Grumman Studios
- Industry: Film production
- Founded: 2007
- Founder: Parviz Farahzad
- Headquarters: Bethpage, New York Port Washington North, New York
- Number of locations: 2 (2025)
- Owner: Parviz Farahzad
- Website: grummanstudios.com

= Grumman Studios =

Sound stage complexes in Nassau County, New York, United States

Grumman Studios are two sound stage complexes in Nassau County, on Long Island, New York, United States. Its primary studio in Bethpage has an area of 160000 sqft, seven sound stages, and 30 acre of paved outdoor space. It also operates an additional, 100000 sqft studio – Grumman Studios at Port Washington North – in the Village of Port Washington North.

== Description ==
The project's principal owner is Parviz Farahzad, whose Bethpage production company is Lunar Module Park, LLC. The Bethpage studios are in the former Apollo Lunar Module assembly plant at the massive Grumman aircraft works and airport in Bethpage. Farahzad founded the company in 2007. The original blue Grumman landmark dome atop the facility has been repainted red for the new studio.

The Grumman Studios facility in Bethpage is one of two large sound stage complexes in Bethpage related to the original Grumman operation. The other is Gold Coast Studios, which has six sound stages totaling 105,000 sqft in the Steel Equities Bethpage Business Park.

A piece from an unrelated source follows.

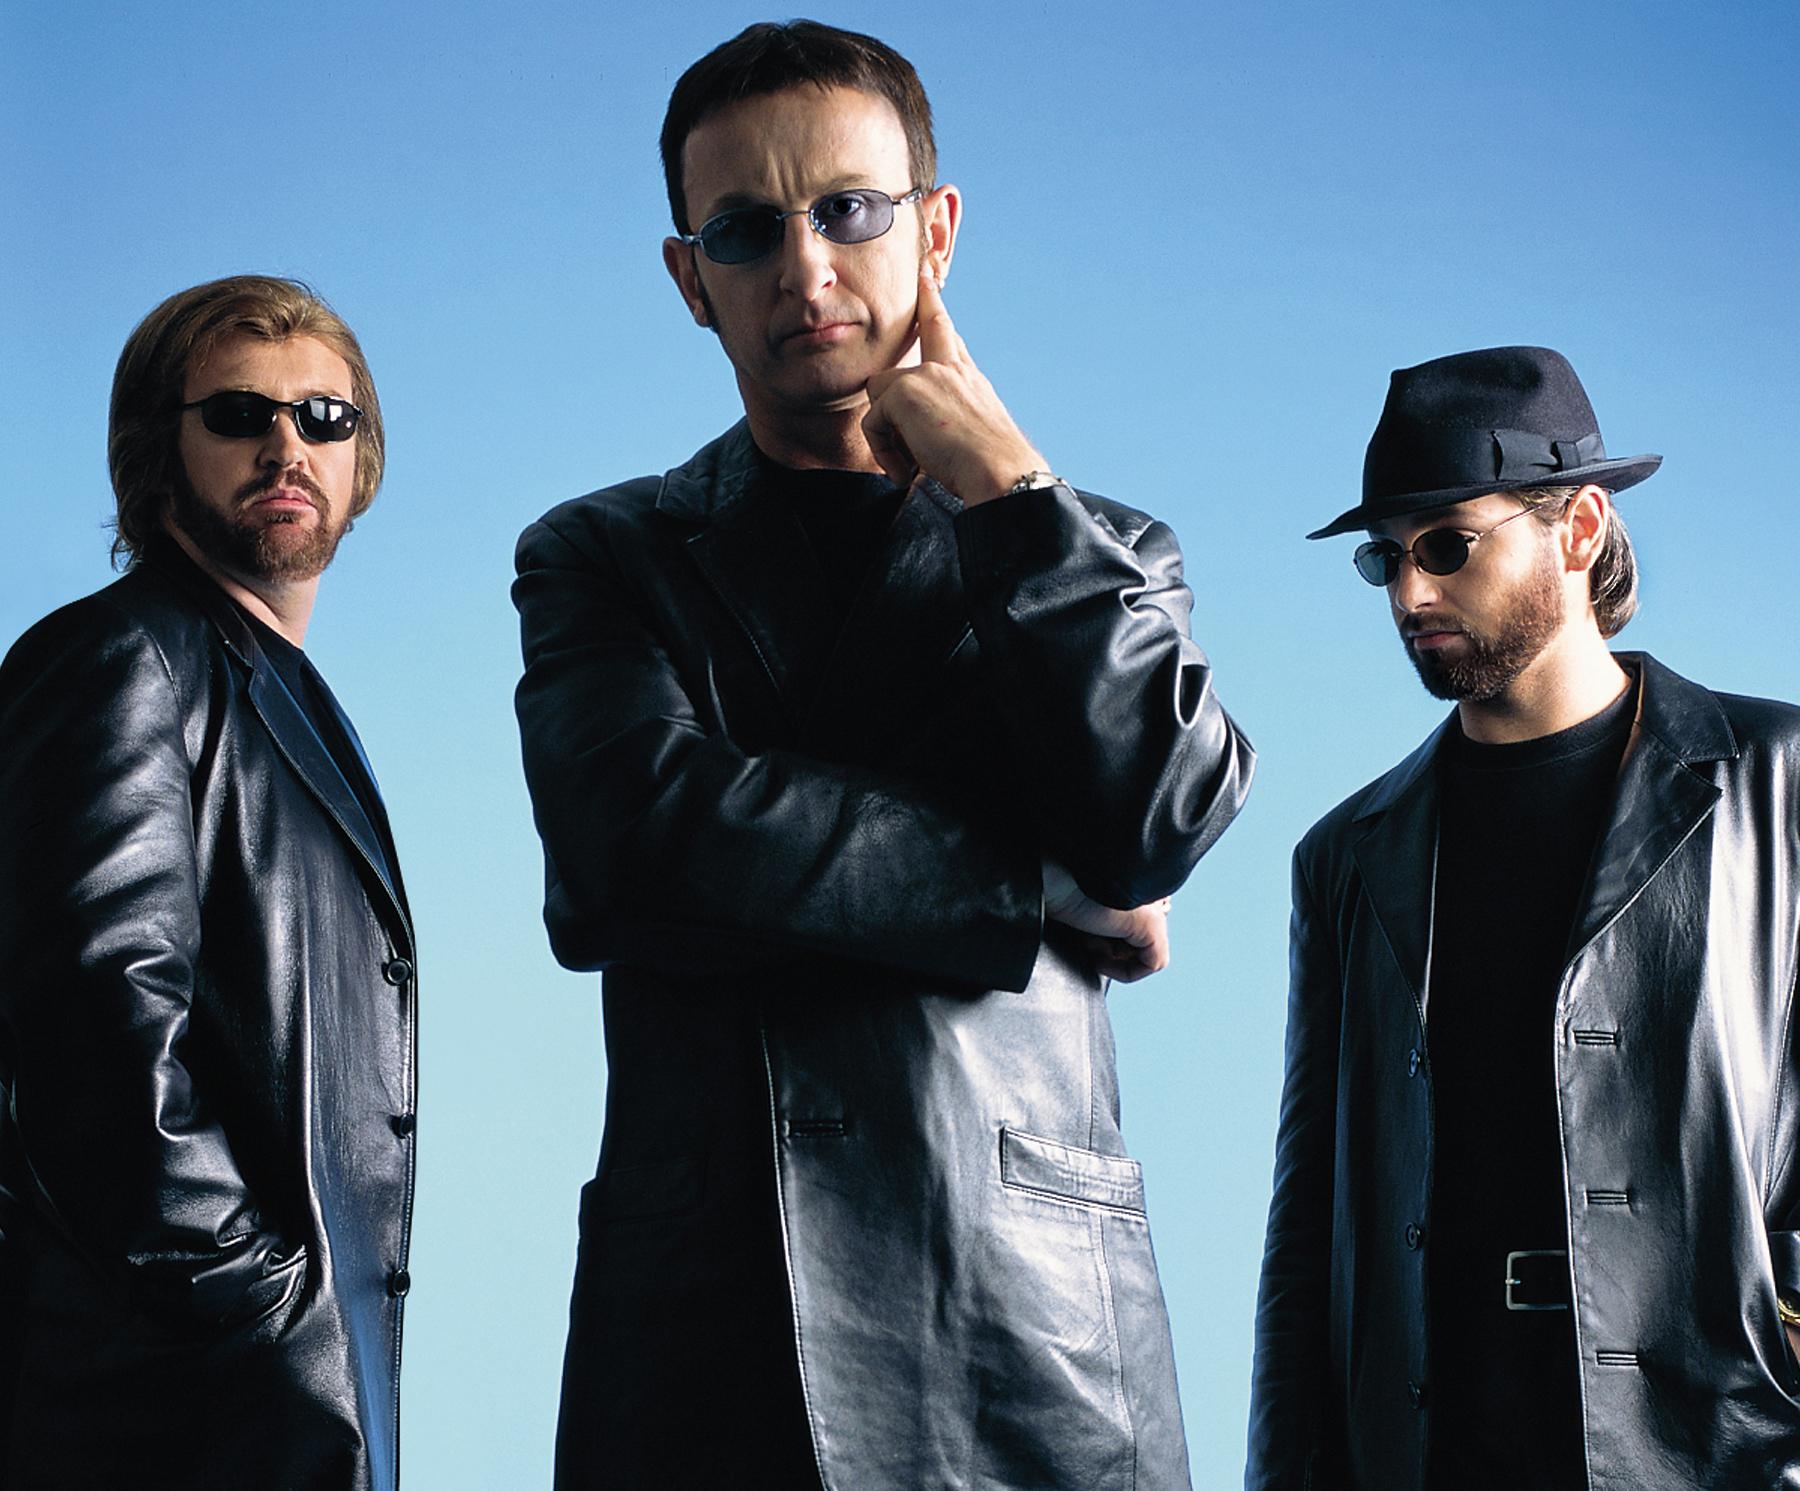 Australian Bee Gees Show Debuts At Balboa Theatre

The Bethpage studio is at 500 Grumman Road West. Its other location – Grumman Studios at Port Washington North – is at 382 Channel Drive in Port Washington North. Also owned by Farahzad, the Port Washington North studio has an area of 100000 sqft.

==Notable productions==
- The Wiz Live! (broadcast live on NBC from the studios on December 3, 2015.)
- Peter Pan Live! (broadcast live on NBC from the studios on December 4, 2014.)
- Annie filmed in 2013–2014
- The Sound of Music Live! (broadcast live on NBC from the studios on December 5, 2013.)
- The Amazing Spider-Man 2 (also filmed at Gold Coast), 2012.
- The Avengers (2012)
- The Dictator (2011); the United Nations sequence was filmed there.
- Salt (2009)

== See also ==

- Silvercup Studios – another film studio on Long Island.